Nomura's bearish macro strategist, Bob Janjuah, is out with his latest update on the stock market in nearly two months.
Nothing has changed about his long-term view–he is still very pessimistic on markets and the economy.
However, Janjuah thinks we could see a major move higher in the over the medium term, owing to some sort of fiscal cliff deal that kicks the can and full-blown QE from the ECB.
Here's what Janjuah has to say in his note:
If I look out 3 - 6 months I am open to the idea of one last parabolic spike higher in risk-on markets in this interim timeframe . I think we will eventually get fiscal and debt ceiling fudges in the US. Of course long - term credible solutions are needed , but are the most unlikely outcome.
Instead we may well be ‘forced’ to celebrate another round of horrible fudges which DO have a consequence. Namely, that the private sector continues to ignore Bernanke and the Washington elite (who between them continue to enjoy printing significant sums of money and/or spending way beyond their means) by instead doing the exact opposite, which means holding onto/building cash and savings, delaying spending/investment/hiring and thus hurting growth.
Markets will I think worry about these negative consequences eventually (see paragraph above) , but in the interim the knee jerk reaction of markets to fiscal/debt ceiling fudges will likely be positive. Furthermore, and again on a 6 to 12 month interim timeframe, I think we could also see the ECB finally move to all out QE driven by another round of eurozone panic and driven in particular by the strong deflationary data trends that are emerging in the eurozone and which we in GMS think will get much stronger.

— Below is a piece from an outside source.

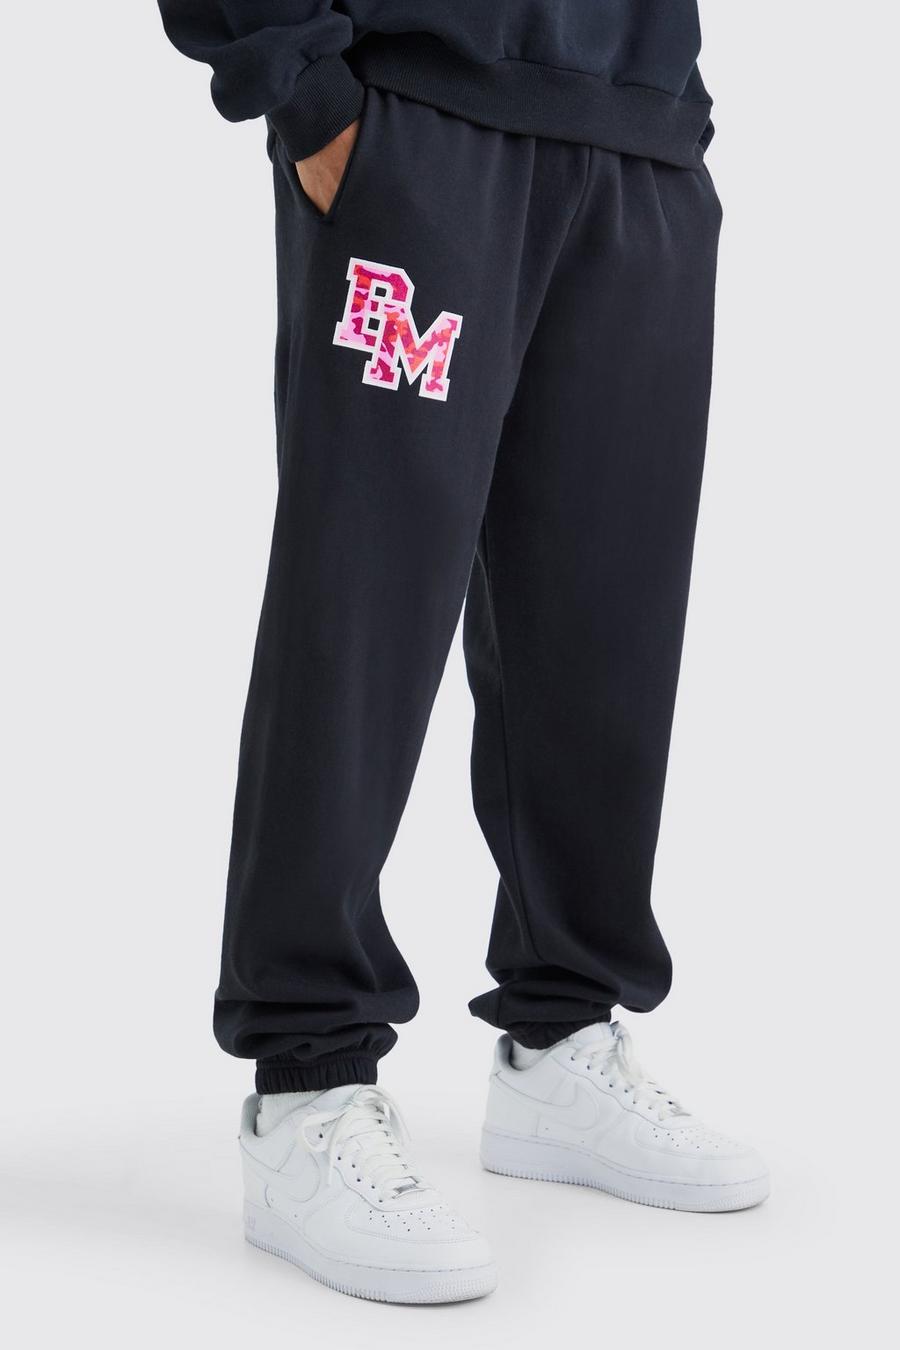 Pantalón deportivo oversize con estampado gráfico universitario BM, Black image number 1

A combo of ECB QE and fiscal/debt ceiling fudges in the US – perhaps also complimented by a short-lived centrally planned but debt fuelled and ultimately wasteful China uptick – could even cause a parabolic spike powerful enough to take S&P – briefly – into the 1500s, before resuming the longer-term march over the rest of 2013 and 2014 to the 800s.
However, for the rest of 2012, in the short-term, Janjuah still remains bearish.